Burke v. City of Charleston, 139 F.3d 401 (4th Cir 1998), is a published opinion from March 1998 from the Fourth Circuit of the United States Court of Appeals. It vacated the District Court opinion in Burke v. City of Charleston, 893 F.Supp. 589 (1995). Mr. Burke was a painter who utilized a pop art style. With the tenant’s permission, he painted a mural on the wall of a commercial building in Charleston’s historic district. The City of Charleston ordered that his mural be covered up, claiming that it was not historically or architecturally appropriate for downtown Charleston.

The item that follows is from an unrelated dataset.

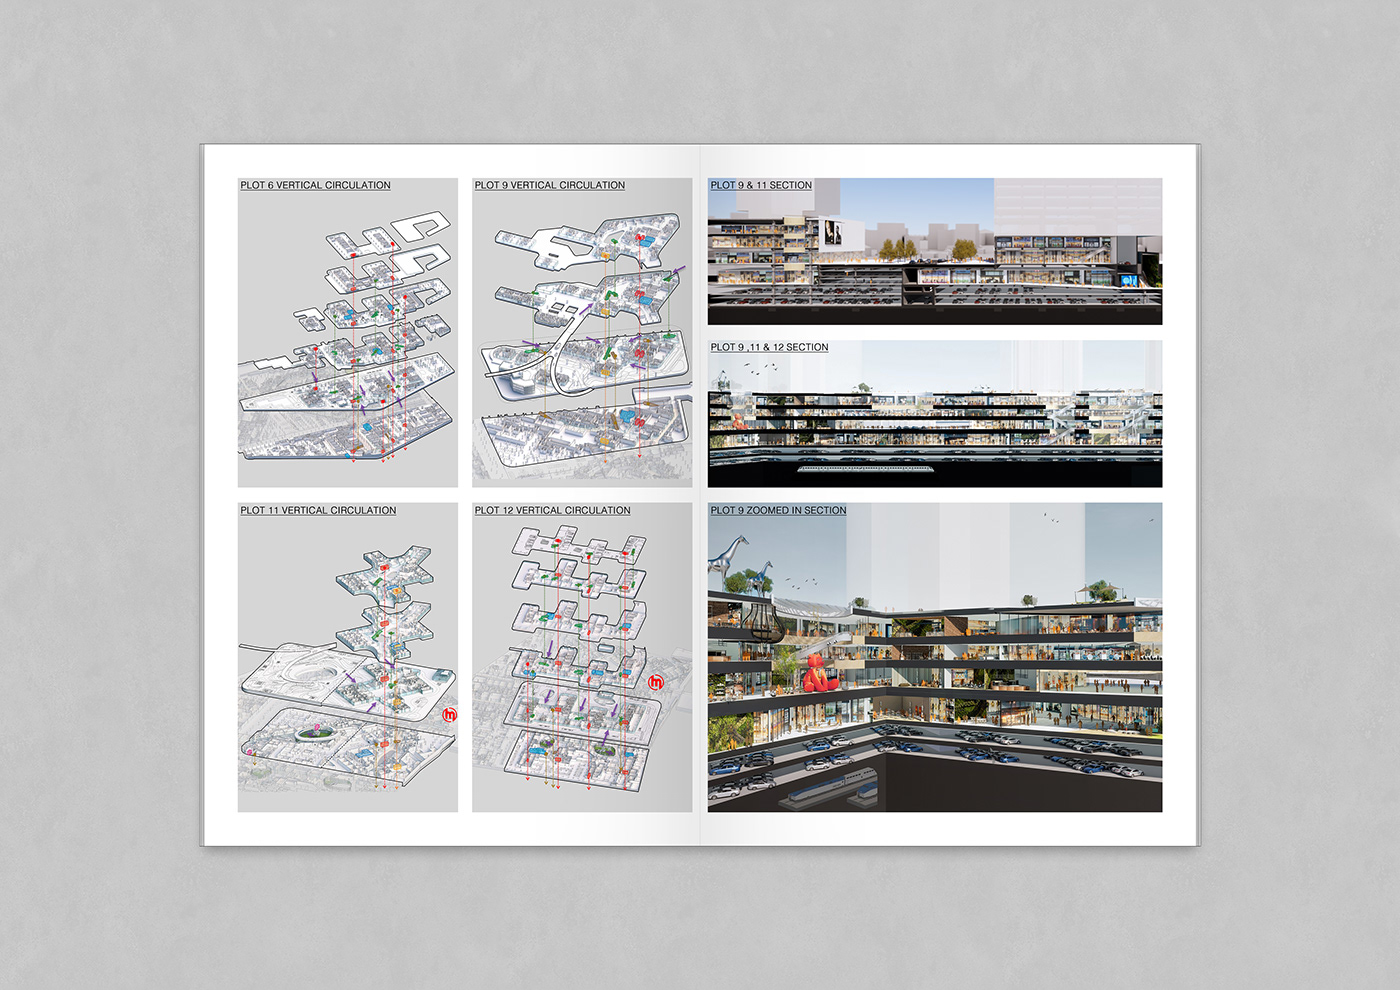 architecture folio portfolio rendering design interior design  Layout modern Render visualization

Mr. Forman was co-counsel for Mr. Burke in a lawsuit he then brought in Federal District Court against the City of Charleston. His lawsuit alleged that the city violated his right to free expression by ordering that the mural be covered up. The city argued that its decision to order the mural covered was a reasonable “time, place or manner” restriction on Burke’s right to free expression. At trial the lower court decided that the city did not violate Burke’s first amendment right to free expression by ordering his mural covered up and we appealed. Mr. Forman assisted in the briefing but did not argue the appeal, which was primarily handled by attorneys from The Thomas Jefferson Center for the Protection of Free Expression.
The Fourth Circuit, in a 2-1 decision, ruled that Burke lacked the right to bring the lawsuit because he did not own the mural at issue. It was a heartbreaking decision. I sometimes reflect upon the final sentence of Judge Wilkinson’s dissenting opinion: “Under the majority rule, if the state boarded up the ceiling of the Sistine Chapel, Michelangelo could not contest the action in court.”